Critical Context
Saved is the high point (or the low point, depending upon one’s point of view) in Edward Bond’s long and prolific career of using the theater to make the British public squirm. It certainly is the play that caused him and his supporters the most public difficulty, since it was seen by many, including some theater critics, as having gone too far in exposing the emotional and moral vacuum at the heart of English working-class life. However, Bond had his supporters, including the late Sir Laurence Olivier, the most prominent British actor of the time. Olivier and others not only asserted Bond’s right to artistic freedom but also defended the theatrical quality of his work and the validity of his attack on the meaninglessness of many aspects of contemporary urban life. Bond gained renewed attention in 2001 with the New York revival of Saved. Critic Charles Isherwood, writing in Variety noted “The play’s clear-eyed observation of the interplay between need and neglect, and how people are warped by them, is as pertinent and powerful today as it was in 1965.”
Bond has continued to be an artistic gadfly. In 1971, he rewrote, or at least reinterpreted, William Shakespeare’s King Lear (pr. c. 1605-1606). He stripped the play of all vestiges of heroism and tragic exultation, claiming that the modern world had no place for sublime action but needed to see the vicious scramble for power as it really was. In his adaptation, Lear is simply a nasty thug—no better than his daughters—who learns that violence will not work and that he must accept moral responsibility for what happened. A very formidable play, Lear (pr. 1971) adamantly rejects Shakespeare’s ending as pure sentimentality. Subsequently, Bond wrote Bingo: Scenes of Money and Death (pr. 1973), in which he suggests that in his retirement to Stratford, Shakespeare descended to participation in money-grubbing land deals, supporting and conspiring in small-town real estate speculation.

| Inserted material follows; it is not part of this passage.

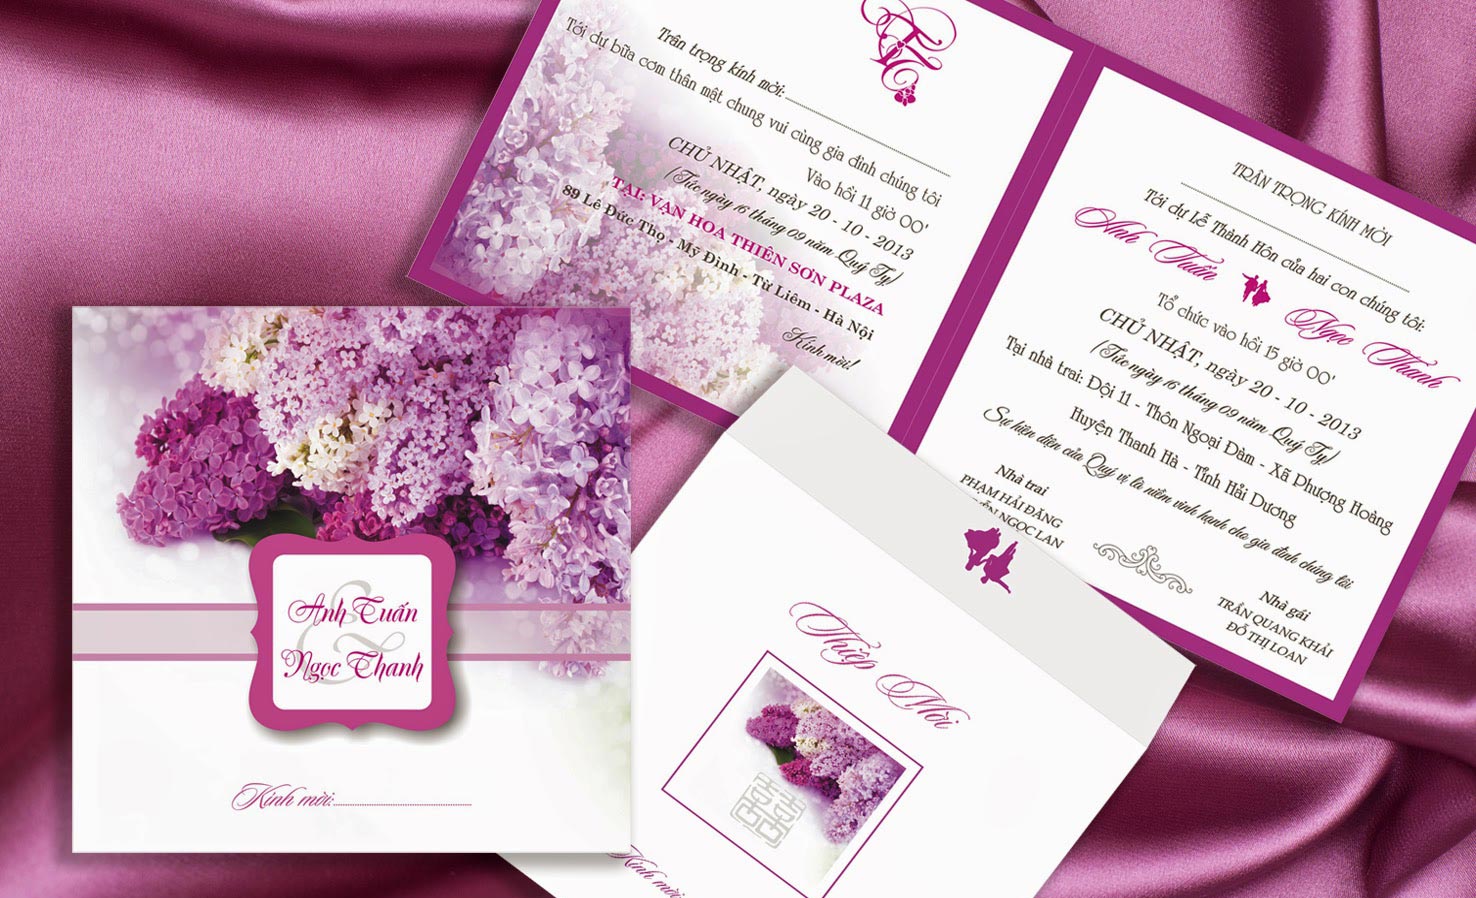 Thiệp cưới đẹp màu tím in hoa trang nhã
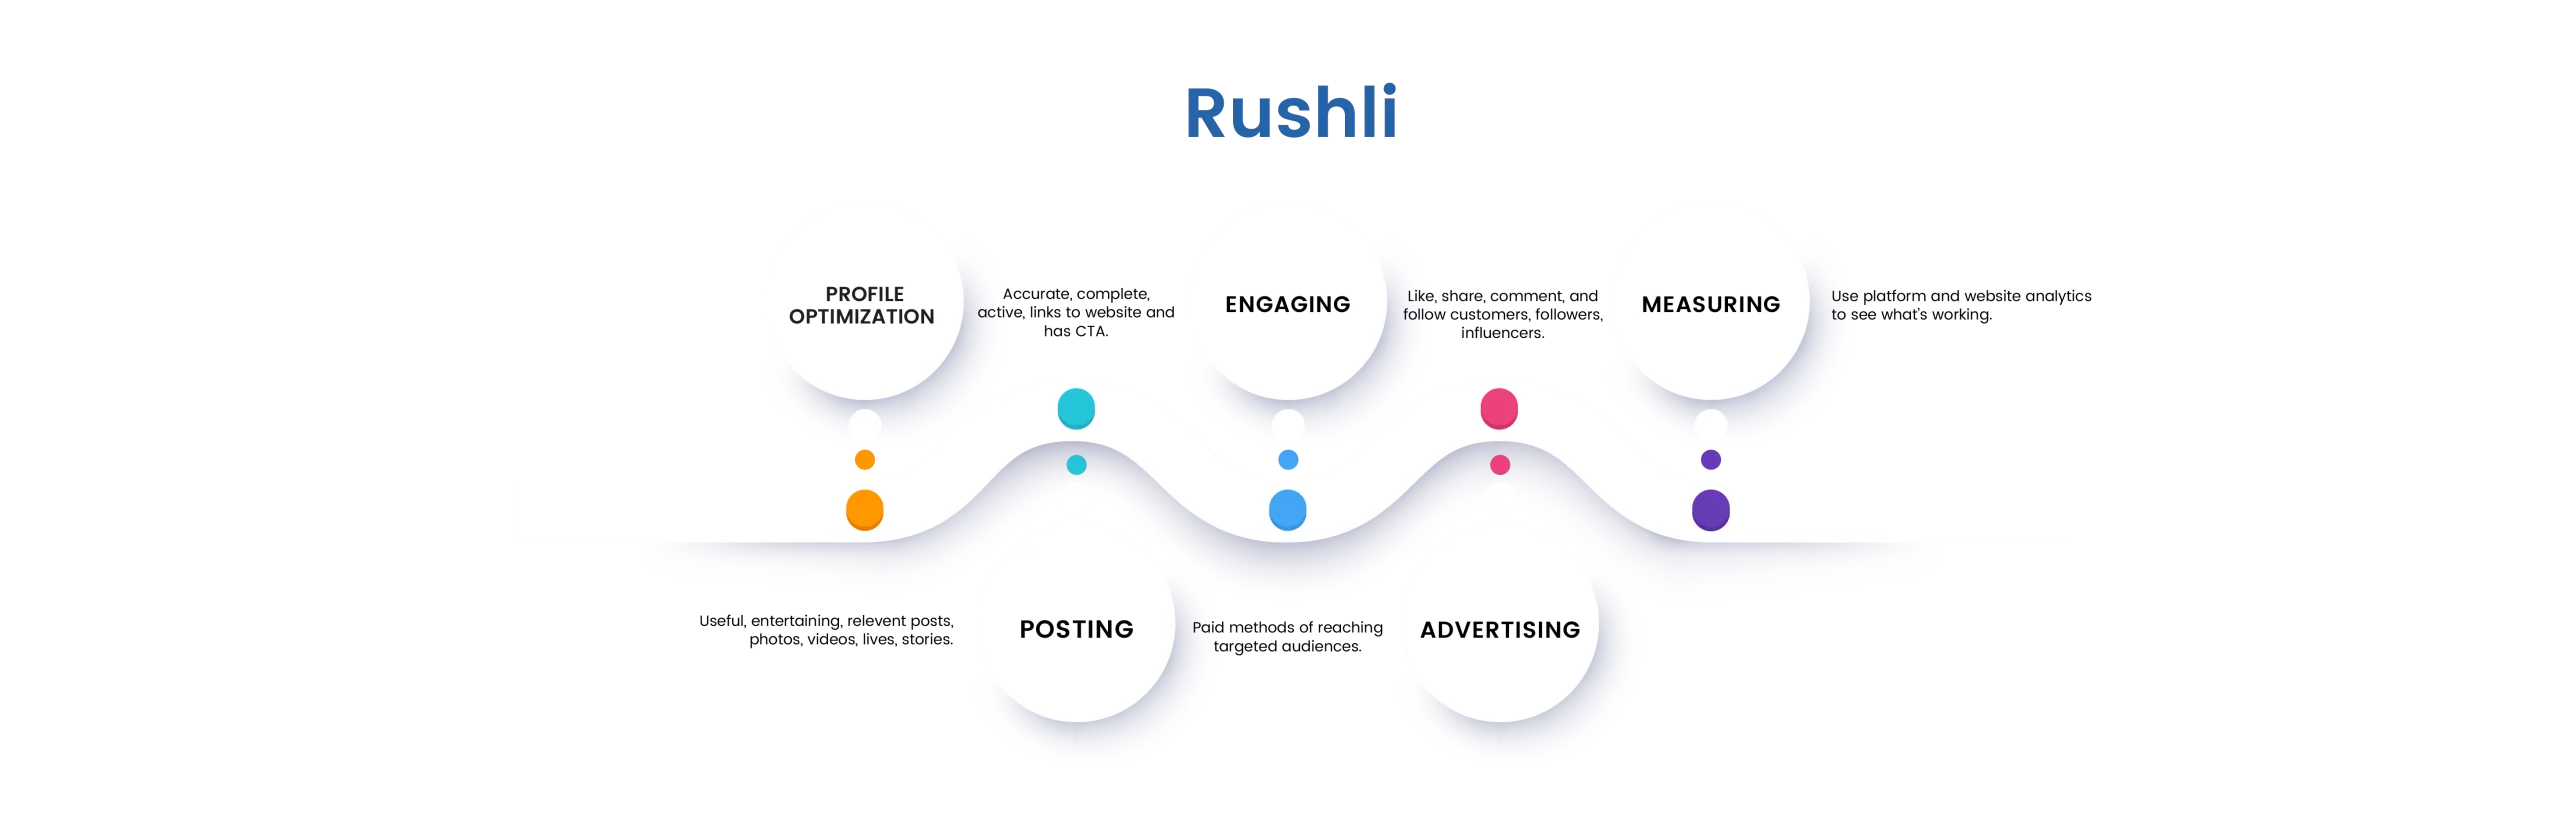 Rushli Marketing Strategy

Artistically, Bond’s work can be quite uneven. For every play of the power of Saved, there are several others that have failed badly. His plays of the mid-1980’s, including The War Plays: A Trilogy (pb. 1985), well-meaning examinations of the aftermath of nuclear war, are somewhat limited as works of art. In the late twentieth century, he brought forth such plays as Lulu: A Monster Tragedy (pr., pb. 1992), Coffee (pb. 1995, pr. 1996), Eleven Vests (pr., pb. 1997), The Crime of the Twenty-first Century (pb. 1999, pr. 2000), and, as the twenty-first century began, The Children (pr., pb. 2000) and Have I None (pr., pb. 2000).
Despite his inconsistencies, failures, and public disdain, Bond has maintained his role as one of the leading figures in a group of politically engaged British playwrights that includes David Hare and Howard Brenton. This group carries on the tradition of attacking the hypocrisies and dishonesties of British life—a tradition that began after World War II in the work of John Osborne, Arnold Wesker, and John Arden.